Les déclarations et propositions présentées tout au long de la campagne présidentielle brésilienne représentent-elles un risque pour la République brésilienne?
« Soyez-en témoins, ce gouvernement sera le défenseur de la constitution, de la démocratie et de la liberté. Ce n’est pas la promesse d’un parti ou d’un homme, mais un serment fait à Dieu. La vérité va libérer ce pays et la liberté va nous transformer en une grande nation. La vérité qui nous a conduit jusqu’ici, continuera à illuminer notre chemin. » Jair Bolsonaro est entré dans son costume de Président-élu avec la sacralité d’un prêcheur évangélique, un ton qui a de quoi inquiéter les Brésiliens encore attachés à la République laïque et démocratique. Cette déclaration est “inquiétante et préoccupante” parce qu‘“aux yeux de Bolsonaro, la Bible et la constitution ont le même statut. La vérité de la Bible est une et indivisible. Tout ce qui ne fait pas partie de son lexique religieux n’entre pas dans sa vérité”, selon Gaspard Estrada, directeur exécutif de l’OPALC.

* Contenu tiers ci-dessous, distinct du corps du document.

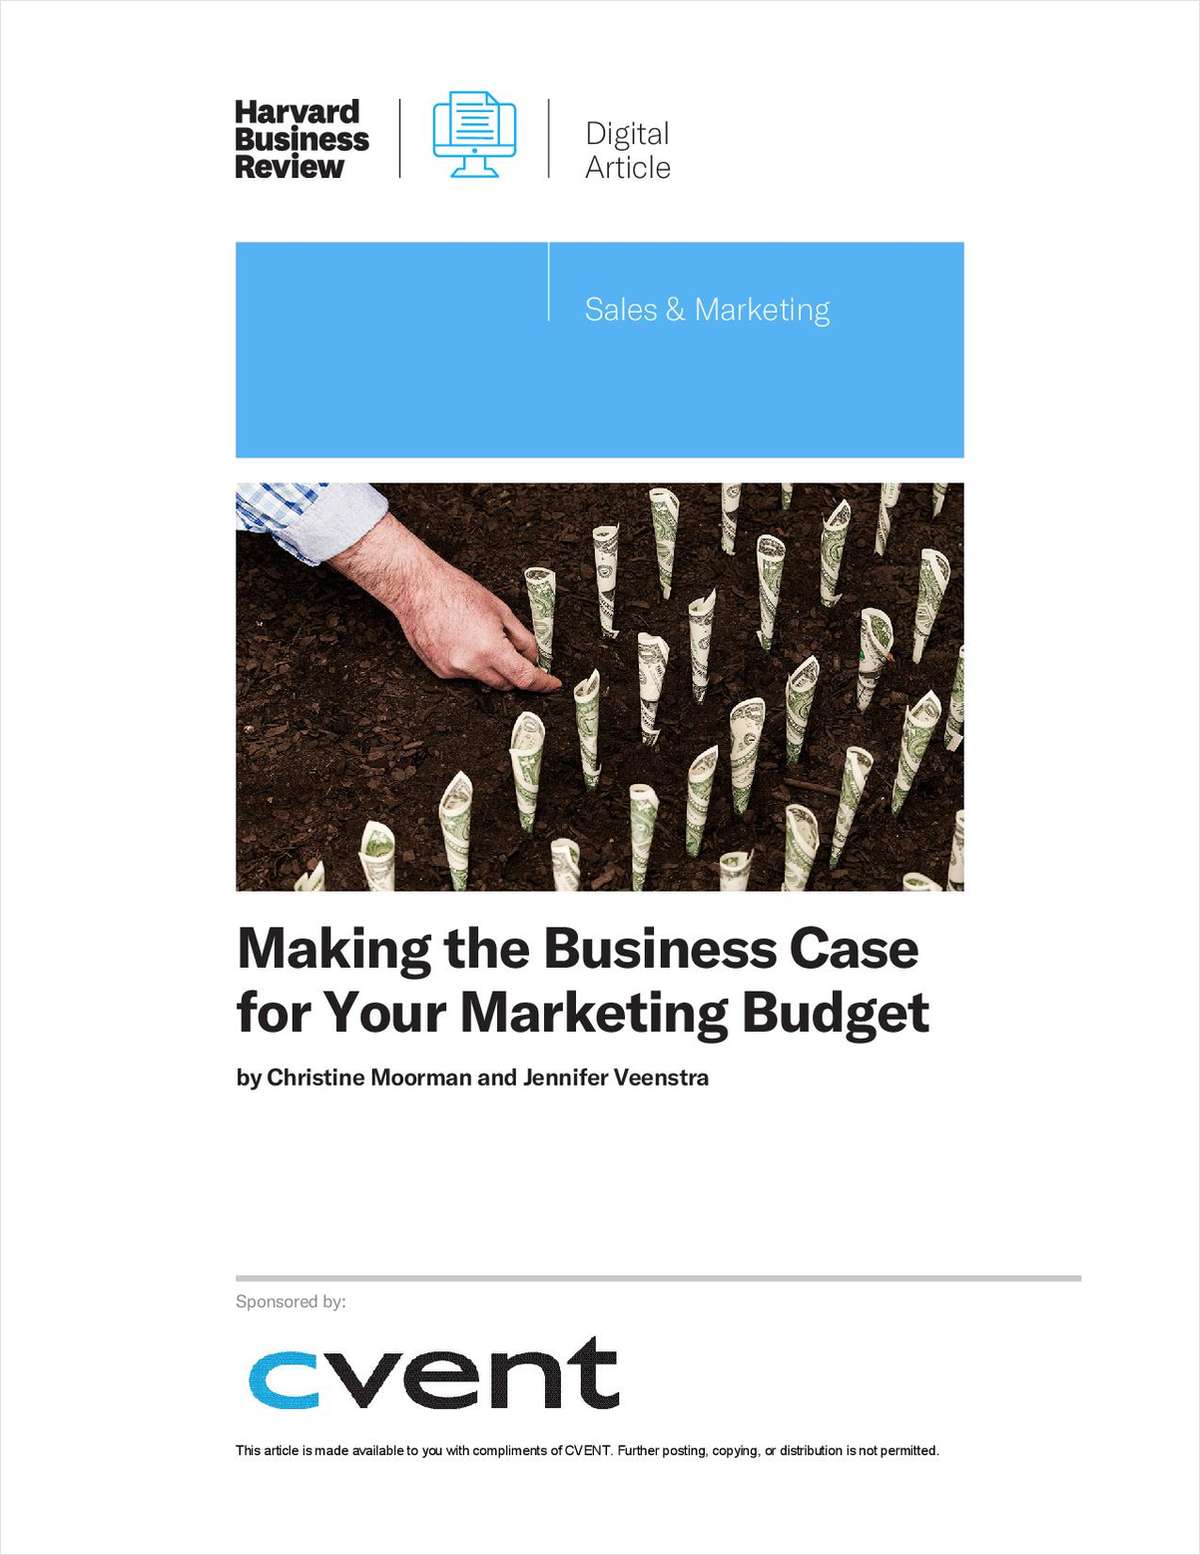 Making the Business Case for Your Marketing Budget

{"type":"Pave-Haut2-Desktop"}
La campagne présidentielle de Jair Bolsonaro, qui a boycotté les médias traditionnels pour la faire sur les réseaux sociaux – fustigeant les partis traditionnels et leurs membres désignés comme corrompus et prenant un ton menaçant contre les minorités (indigènes et sexuelles), les opposants politiques et les femmes ; prônant enfin un discours extrêmement licencieux à l’égard des violences policières – semble faire peser une menace sur les institutions républicaines et démocratiques brésiliennes. Comme le fait remarquer l’historienne, enseignante et chercheuse Maud Chirio, « Jair Bolsonaro arrive au pouvoir après 5 ans de délitement de la démocratie […]. Les institutions brésiliennes sont fragilisées, d’autant que la démocratie n’a que 30 ans. Les réseaux en faveur de la dictature existent toujours. »

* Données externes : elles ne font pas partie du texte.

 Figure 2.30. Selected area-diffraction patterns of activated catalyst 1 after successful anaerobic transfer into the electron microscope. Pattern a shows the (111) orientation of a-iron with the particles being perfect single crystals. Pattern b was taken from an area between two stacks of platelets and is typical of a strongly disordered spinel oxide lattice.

Discrédit des canaux traditionnels
Si les premières annonces concernant le futur gouvernement commencent à se succéder, le flou persiste concernant la politique du nouveau pouvoir. Elle dépendra à la fois de l’équilibre au sein de l’Assemblée fédérale et au sein du gouvernement. Évitant de tomber dans des conjonctures sans lendemain, la question de la solidité des institutions républicaines et démocratiques du pays face au phénomène Bolsonaro est néanmoins légitime.

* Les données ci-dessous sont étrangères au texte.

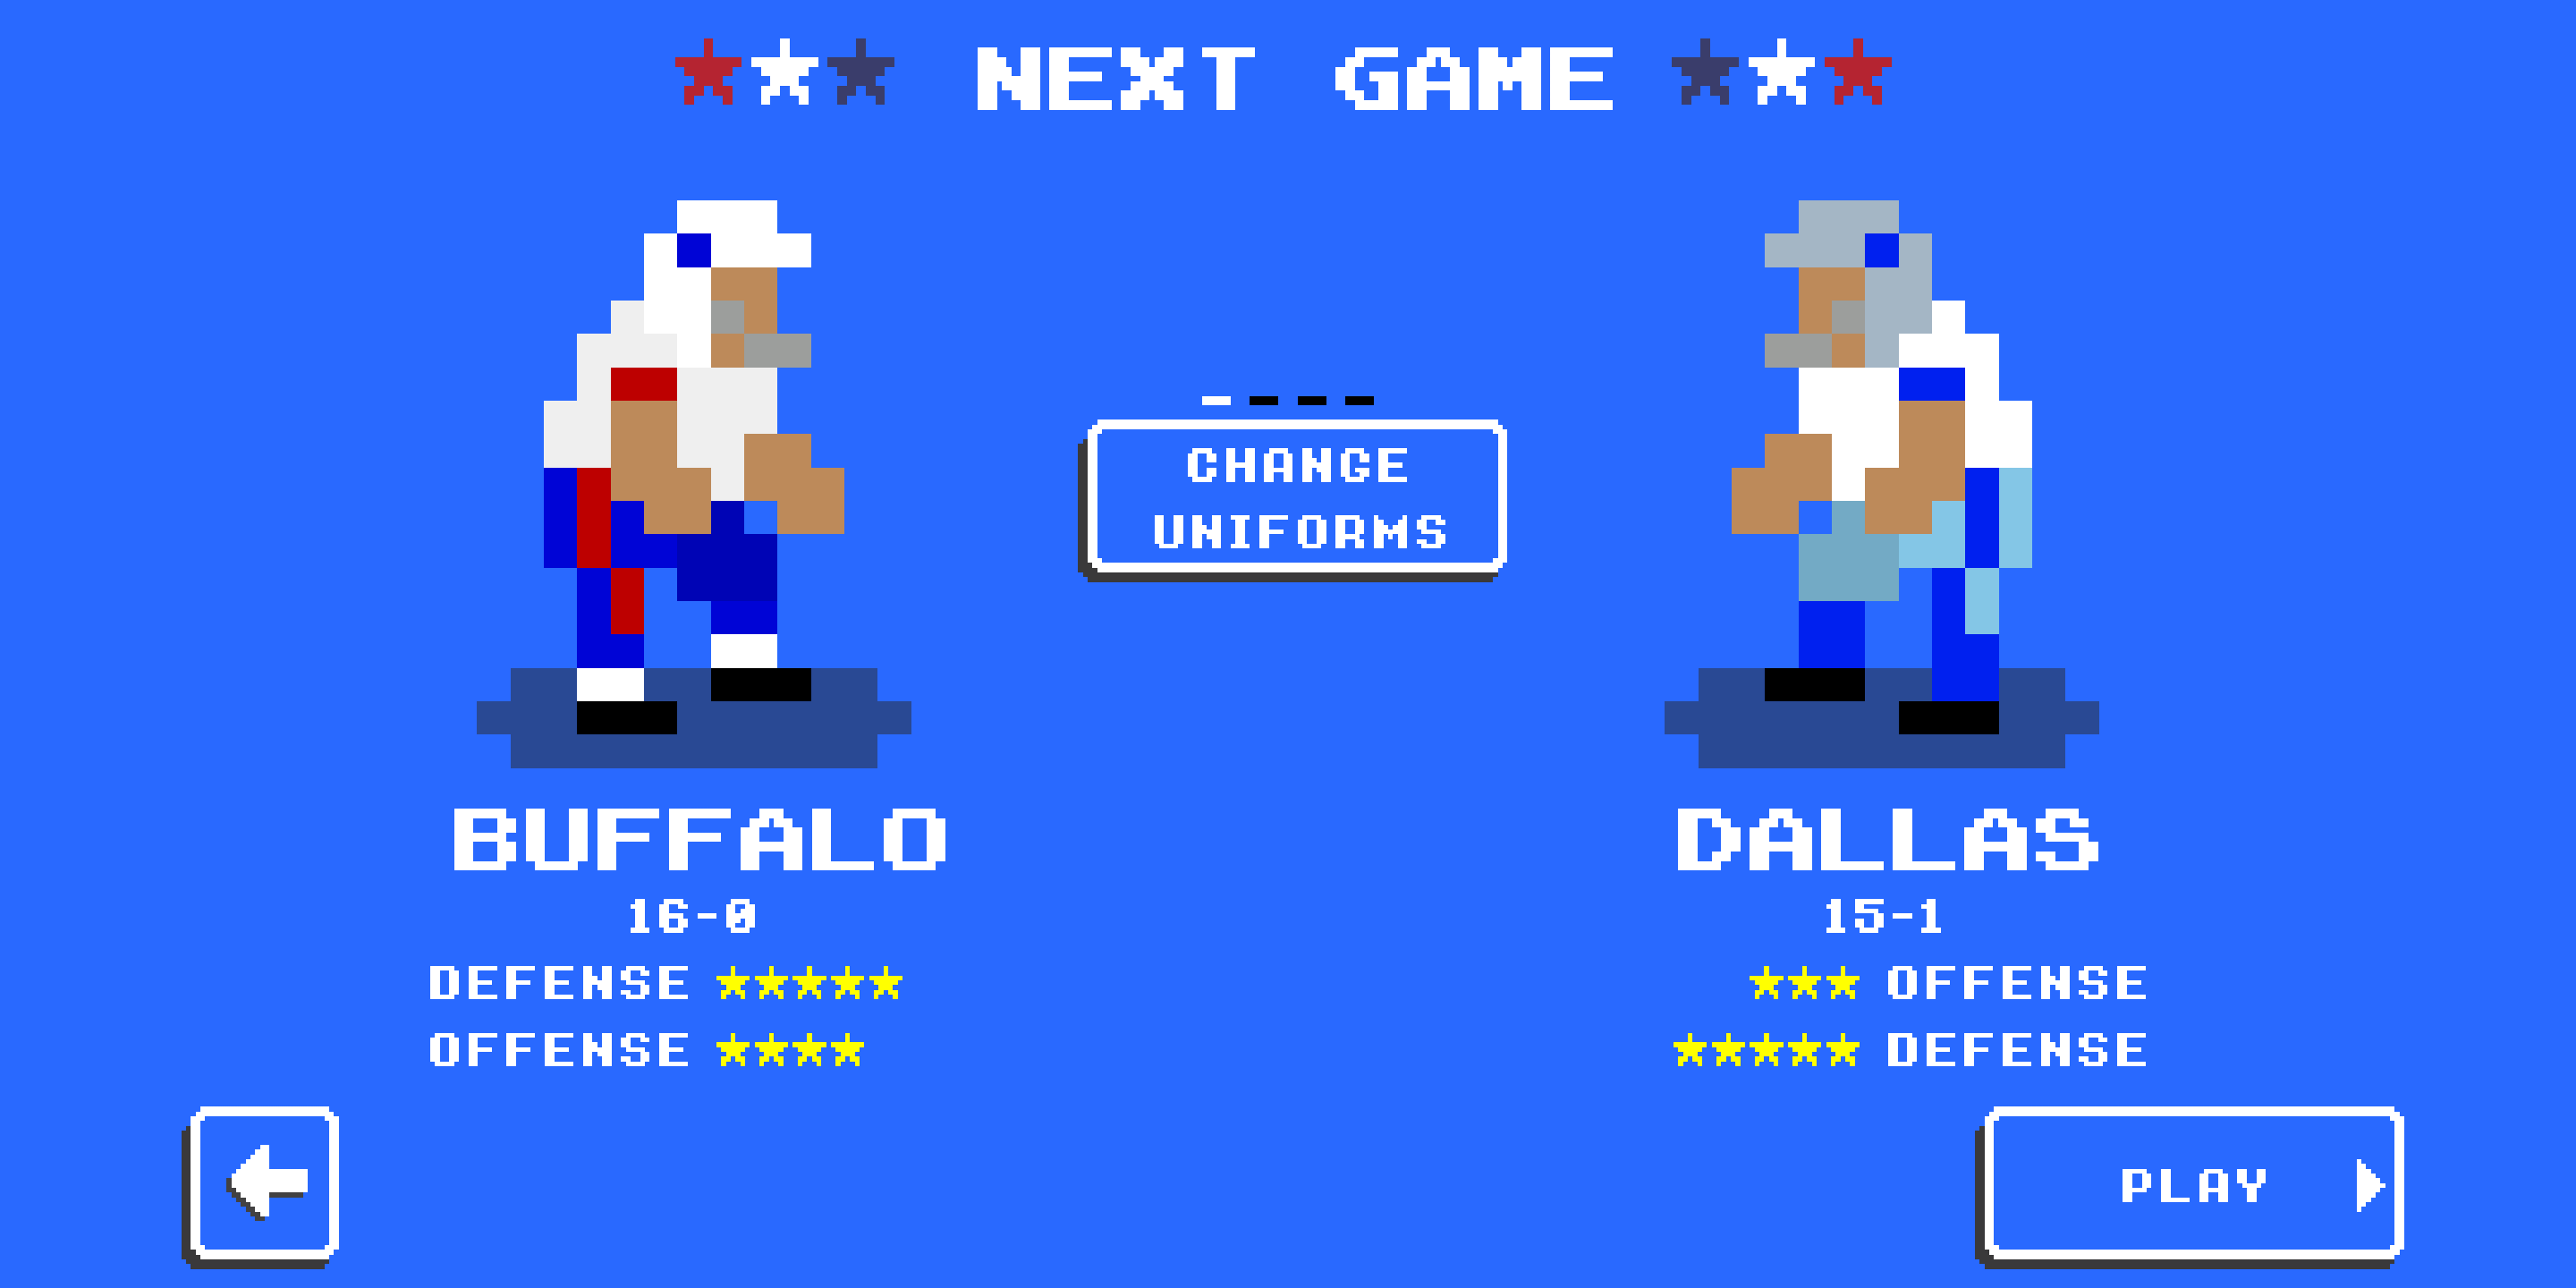 Retro Bowl College - Apps on Google Play

La chercheuse Maud Chirio nous rappelle les faits : le seul élément sur lequel il est sûr de s’appuyer, est la politique du futur gouvernement en termes d’éducation. Elle a d’ailleurs déjà commencé à être mise en oeuvre, et laisse attendre le pire. « Une députée de l’Etat de Santa Catarina a appelé les étudiants à filmer leurs professeurs pour les dénoncer, preuve à l’appui. Elle a lancé un appel officiel (la semaine suivant l’élection de Jair Bolsonaro. Ndlr.), mettant à disposition un numéro pour envoyer ces vidéos. « Le Président-élu a « ensuite pris la parole pour appuyer la démarche ». Sans surprise, « de très fortes tensions voient le jour dans les universités ».
Dénoncer ses enseignants…
Cette initiative appuyée par le nouveau pouvoir s’inscrit dans une campagne de désinformation constante tout au long de la campagne à l’égard du système éducatif en place, usant de fake news sur les réseaux sociaux. « Les enseignants y sont présentés comme massivement communistes, cherchant à endoctriner les étudiants », nous explique l’universitaire française. D’autant que ces professeurs sont dits « non seulement communistes mais en plus, ils pervertissent la jeunesse, la poussant vers l’homosexualité ». La dénonciation de la « théorie du genre », a fait de nombreux émules durant la campagne.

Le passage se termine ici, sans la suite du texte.